Нельзя, конечно, изображать эпоху «застоя» только мрачными красками. Она имела и впечатляющие достижения, прежде всего в сфере освоения космоса, жилищного строительства, в развитии энергетики, разведывании и разработке сырьевых ресурсов, военного производства, гражданской авиации, железнодорожного и морского транспорта, в области науки, образования и культуры. Однако отжившие свой век производственные отношения сковывали экономику, лишая ее необходимой динамики, а значит, будущего. В результате все четче ощущалось экономическое отставание СССР от передовых стран Запада. Это еще более подорвало авторитет системы в глазах общества.

«Застойный период» является чрезвычайно важным для понимания последующих событий, связанных с перестройкой, распадом СССР и капитализацией России. Именно в рамках этого периода сформировались социальные группы, прослойки и тайные союзы лиц, которые привели советскую державу к гибели, а советское общество — к буржуазной реставрации. Иными словами, во времена «застоя» сложились главные движущие силы катастрофических для нашей страны «преобразований» и произошли существенные внутри общественные изменения, в основе которых лежали факторы не столько объективного, сколько субъективного свойства. Толчок же всему дало ниспровержение сталинского авторитета и ослабление созданного Сталиным режима власти. И. В. Сталин, по известному выражению, как в воду смотрел, когда говорил Главному маршалу авиации А. Е. Голованову:

«Я знаю, что, когда меня не станет, на мою голову выльют не один ушат грязи, на мою могилу нанесут кучу мусора»

Затем убежденно добавил:

«Но я уверен, что ветер истории все это развеет»

Критика культа личности Сталина вызвала сильнейший психологический стресс в советском обществе. Рухнул кумир, которому поклонялись десятилетия. Началась переоценка ценностей, порождающая идейный разброд и шатания. Люди не знали теперь, кому и во что верить.

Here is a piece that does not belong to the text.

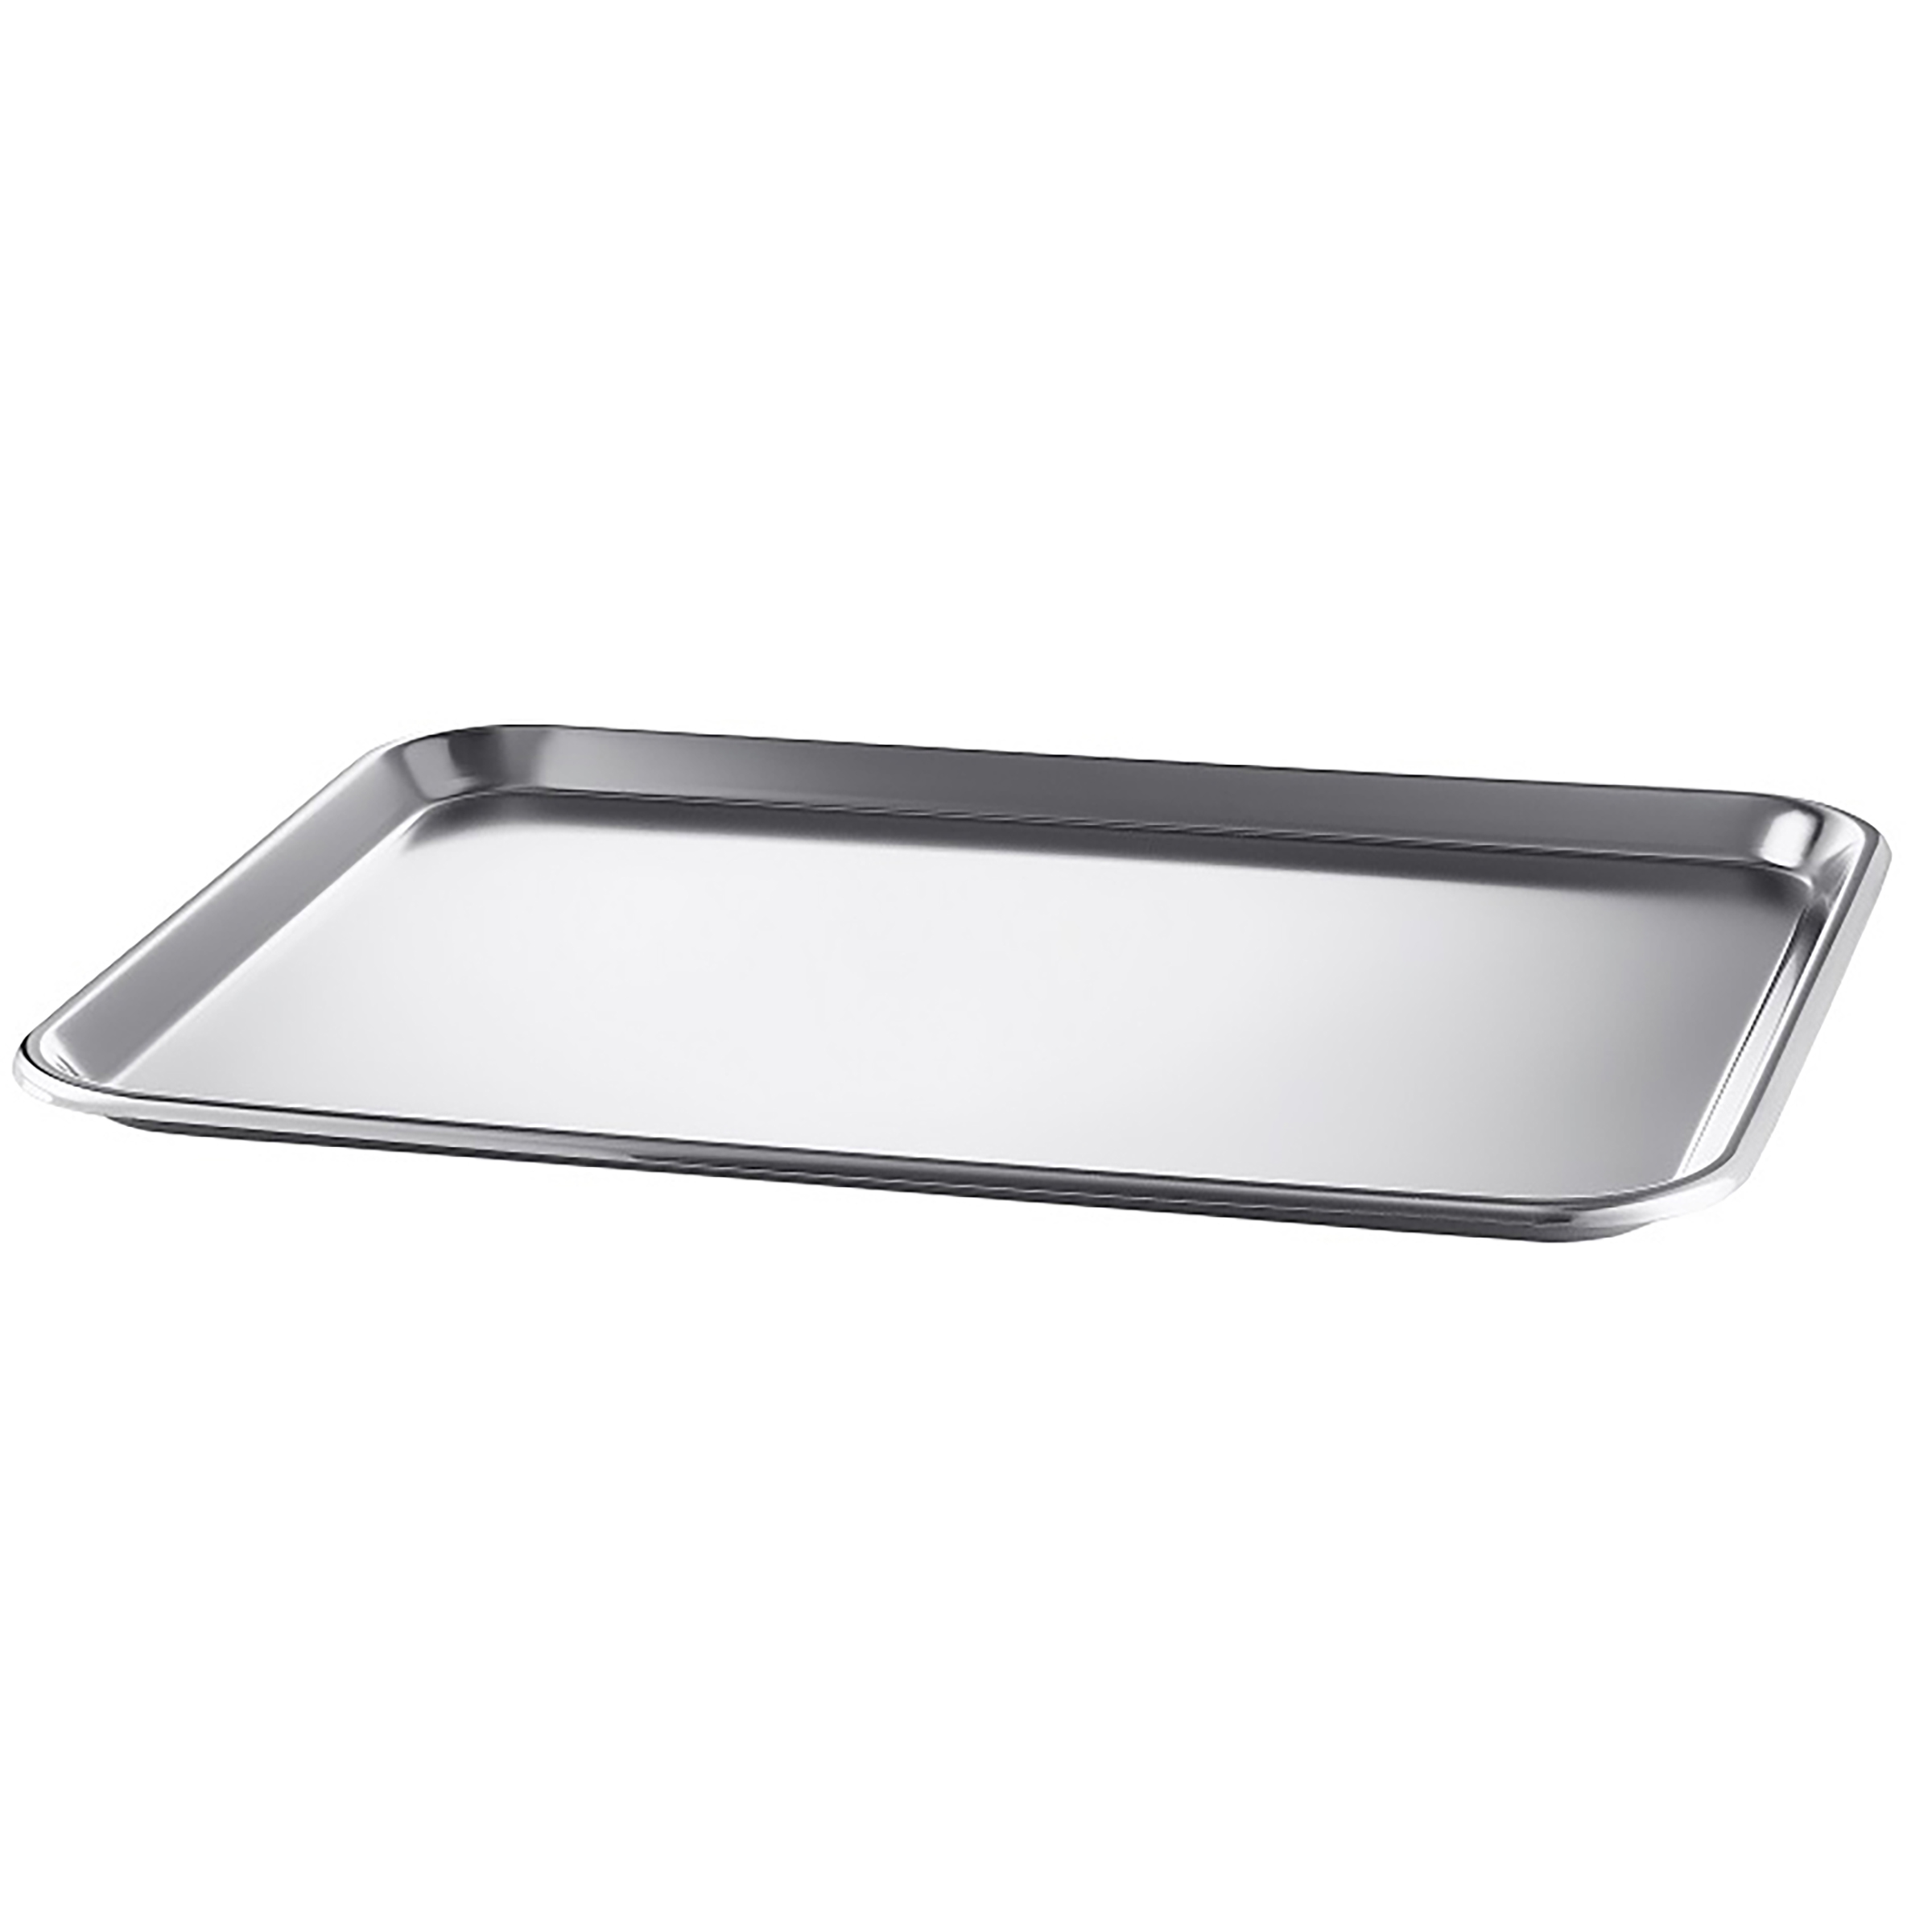 Flat 304 stainless steel tray - dimensions 432 x 295 x 19 mm

Общественное сознание замутилось и потеряло устойчивость, предохраняющую от разлагающих воздействий извне. Ситуация усугублялась тем, что так называемый железный занавес был приподнят, и советское общество стало более открытым для дуновений западной идеологии. Создавались благоприятные условия, чтобы, как выражался И. А. Ильин, «овладеть русским народом через малозаметную инфильтрацию его души и воли». Настал момент, когда можно было приступить к постепенной реализации того плана, о котором говорил после окончания Второй мировой войны Аллен Даллес.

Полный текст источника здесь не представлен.